Тем временем Рикки, услышав, что жена Дарзи уже довольно далеко увлекла Нагайну, во всю прыть понёсся в конец длинного забора, туда, где находились дынные грядки. Он сразу отыскал в разопревшей на солнце большой куче опавших листьев искусно припрятанные Нагайной двадцать пять яиц. Яйца, с небольшое куриное яйцо, вместо скорлупы были покрыты белой полупрозрачной плёнкой, подобной пергаменту. В каждом из них, свернувшись, лежали маленькие кобры.
«Успел! — обрадовался мангуст. — Ещё бы чуть-чуть — и из каждого яйца выползла бы маленькая кобра…» Он не стал развивать дальше свои мысли, а тут же принялся откусывать верхушки яиц вместе с головками змеёнышей. Наконец-то их осталось только три. Мангуст стал злорадно посмеиваться про себя, торжествуя победу над коброй, как вдруг услышал у себя над головой крик жены Дарзи:
— Рикки-Тикки, я выполнила твою просьбу и заманила Нагайну в терновник, поближе к дому. Но она заползла на веранду. О, беги туда, да поскорее! Она хочет всех убить!
Рикки быстро надкусил два яйца из оставшихся трёх, третье положил в рот и со всех ног пустился бежать к дому.
Тедди, его отец и мать, спустившись к завтраку, сидели на веранде, но Рикки заметил, что они застыли, словно каменные, и не притрагиваются к еде. Лица у них были очень бледные, а глаза устремле-
ны в одну точку.

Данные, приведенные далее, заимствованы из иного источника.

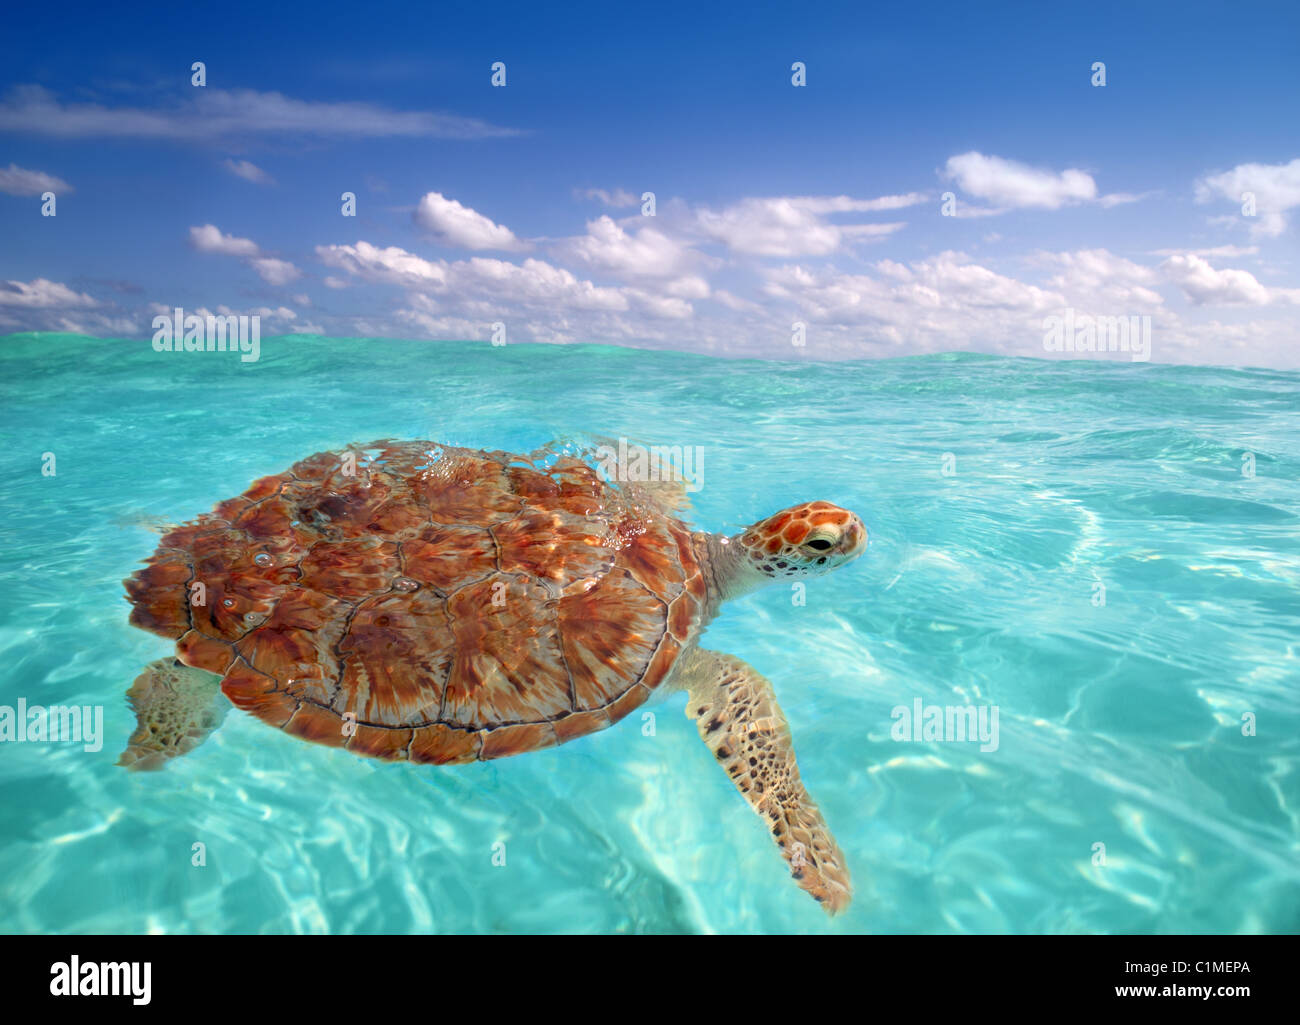 Tortuga verde Chelonia mydas mar Caribe Cheloniidae superficie de agua Imagen De Stock

На циновке, у стульчика, свернувшись кольцом в опасной близости от голой ноги мальчика, лежала Нагайна. В любую секунду она могла укусить его. Голова кобры с распущенным капюшоном раскачивалась взад-вперёд, и она пела-шипела:
О с-с-сын ч-ч-человека, Убивш-ш-шего Нага, С-с-сейч-ч-час-с-с я уж-ж-жалю Тебя и вас-с-с вс-с-сех. Потиш-ш-ше, потиш-ш-ше, С-с-сидите, как мыш-ш-ши…
Но Нагайна не успела допеть свою песню, так как её перебил мангуст Рикки-Тикки.
— Нагайна! — крикнул он ей. — Повернись ко мне! Я пришёл, чтобы сразиться с тобой.
— Ещё не пришло твоё время, мангуст, — отвечала она. — С тобой я расквитаюсь потом. А сейчас мне надо разобраться с этими тремя. Видишь, как испугались они, как замерли — шелохнуться не смеют. И если ты хоть на шаг приблизишься ко мне, я их ужалю.
— Ты лучше сходи в конец забора, на дынную грядку, да посмотри на невылупившихся своих змеёнышей.
Кобра развернула своё кольцо, повернула голову к мангусту и вдруг увидела лежащее возле него яйцо.
— Отдай мне его! — закричала она.
Рикки-Тикки взял яйцо в передние лапы, и глаза его стали кроваво-красными.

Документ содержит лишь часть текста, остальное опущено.